原題: Phase-Based Versus Trauma-Focused Therapy for Adult Survivors of Childhood Trauma: A Systematic Review and Meta-Analysis.
Svircevic CS, Berle D / The Journal of nervous and mental disease / 2025 / DOI / PubMed

抄訳:
幼少期にトラウマを経験した成人に対する治療法として、段階的治療がトラウマ焦点治療に比べてどの程度の価値を持つかについて議論があります。本研究は、段階的治療の有効性を検討するために系統的レビューを行いました。PubMed、Embase、PTSDpubs、PsycINFOを用いて、幼少期トラウマを持つ成人のPTSD症状に対する段階的介入のランダム化比較試験を特定しました。合計356名の参加者を含む4つの研究が基準を満たしました。ランダム効果メタ解析により、段階的治療がトラウマ焦点治療に対して小さな効果を示すことが分かりました(Hedges g=0.17; SE=0.12)。治療完遂率に関しては、段階的治療とトラウマ焦点治療の間に有意な差は見られませんでした(OR=0.84, 95% CI: 0.41-1.72)。本レビューでは、段階的治療がトラウマ焦点治療単独に比べて優位性を示す証拠は見つかりませんでした。

PICO:

  • P(対象): 幼少期にトラウマを経験した成人で、PTSD症状を持つ患者。
  • I(介入): 段階的治療アプローチを用いた介入。
  • C(比較): トラウマ焦点治療を用いた介入。
  • O(結果): PTSD症状の改善度と治療完遂率。

一言: 幼少期にトラウマを経験した成人に対する段階的治療とトラウマ焦点治療の効果を比較した系統的レビューとメタ解析です。段階的治療はトラウマ焦点治療に対して小さな効果を示しましたが、治療完遂率に有意な差は見られませんでした。

確かさ(GRADE): 中等度

理由: 研究数が限られており、結果のばらつきがあるため、確信度は中程度です。さらなる研究が必要です。

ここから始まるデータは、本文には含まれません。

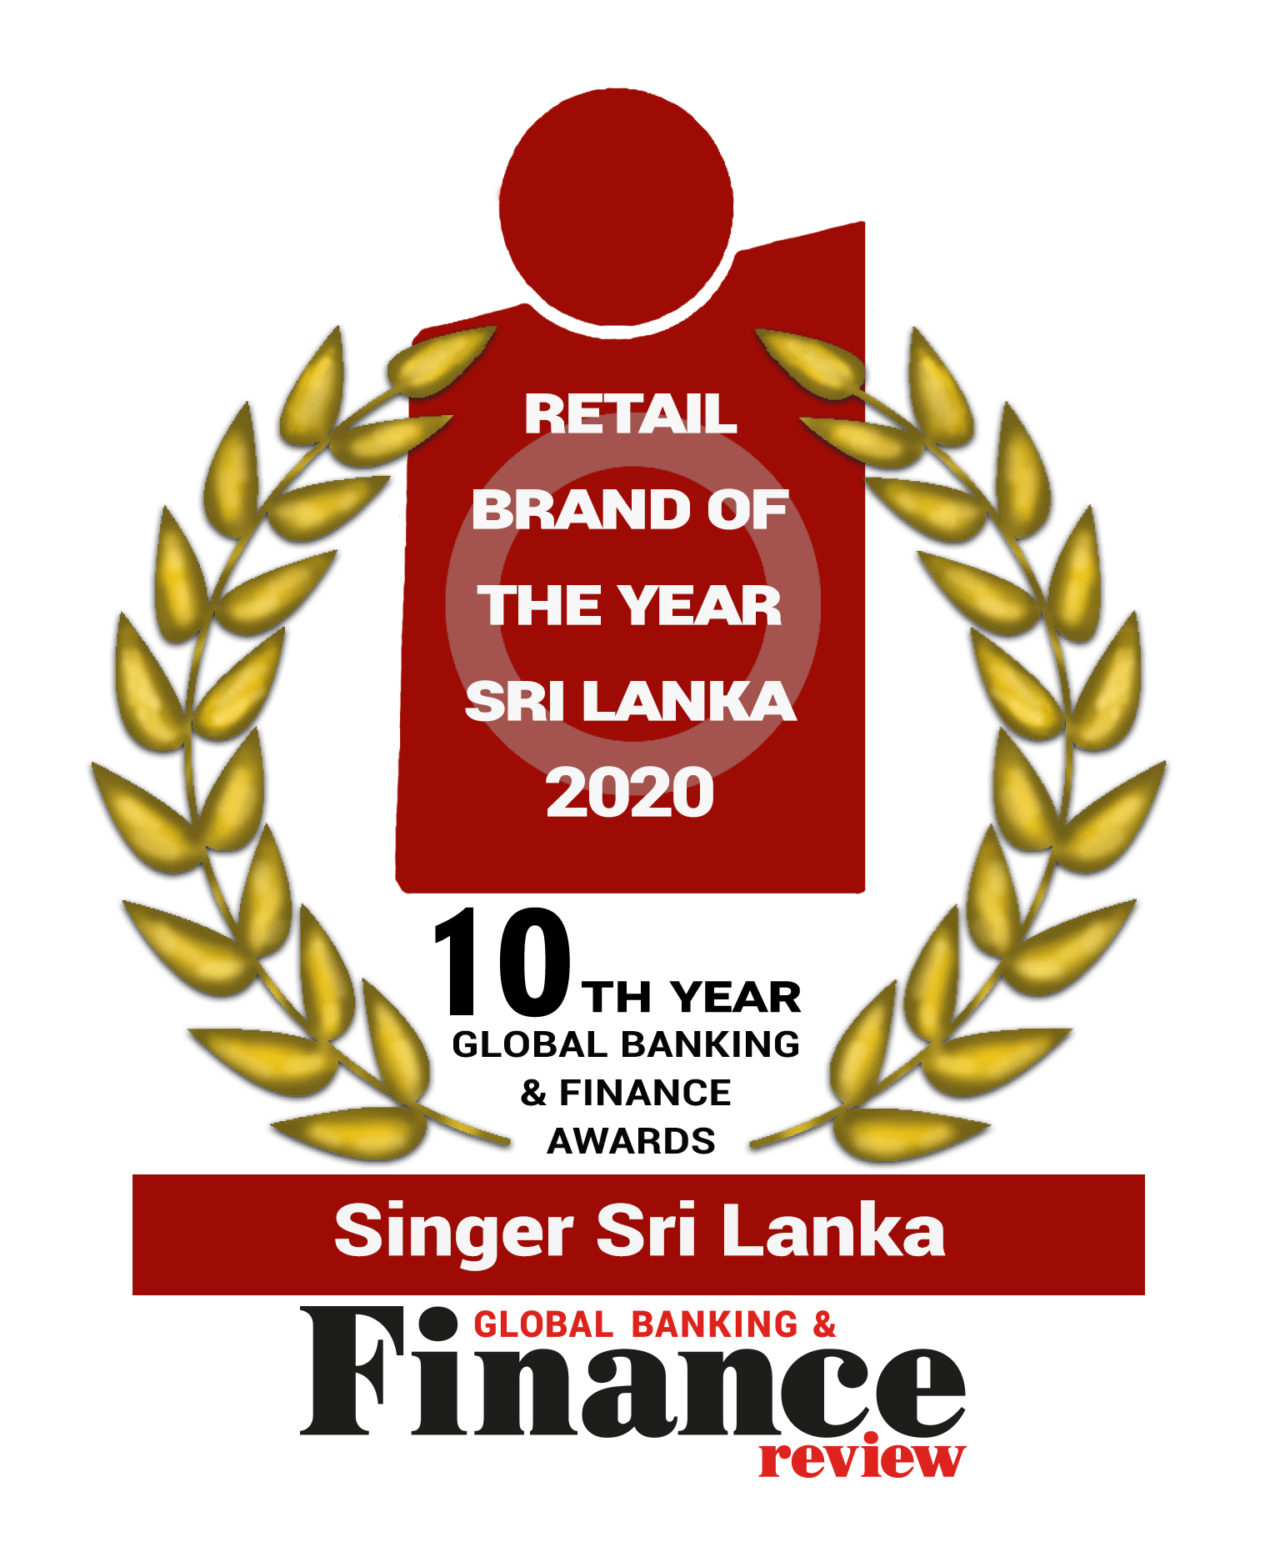 Retail-Brand-of-the-Year-Sri-Lanka-2020_Red-1-1280x1557.jpg

研究の信頼性(RoB 2(ランダム化試験)): やや懸念

  • 参加者の割付方法: 低い(大きな問題なし)
  • 予定した介入からのずれ: やや懸念
  • アウトカムの欠測: 低い(大きな問題なし)
  • 結果の測り方: やや懸念
  • 報告された結果の選び方: 低い(大きな問題なし)

解説: ランダム化プロセスは適切でしたが、介入からの逸脱や結果の測定に若干の懸念があります。結果の信頼性は中程度です。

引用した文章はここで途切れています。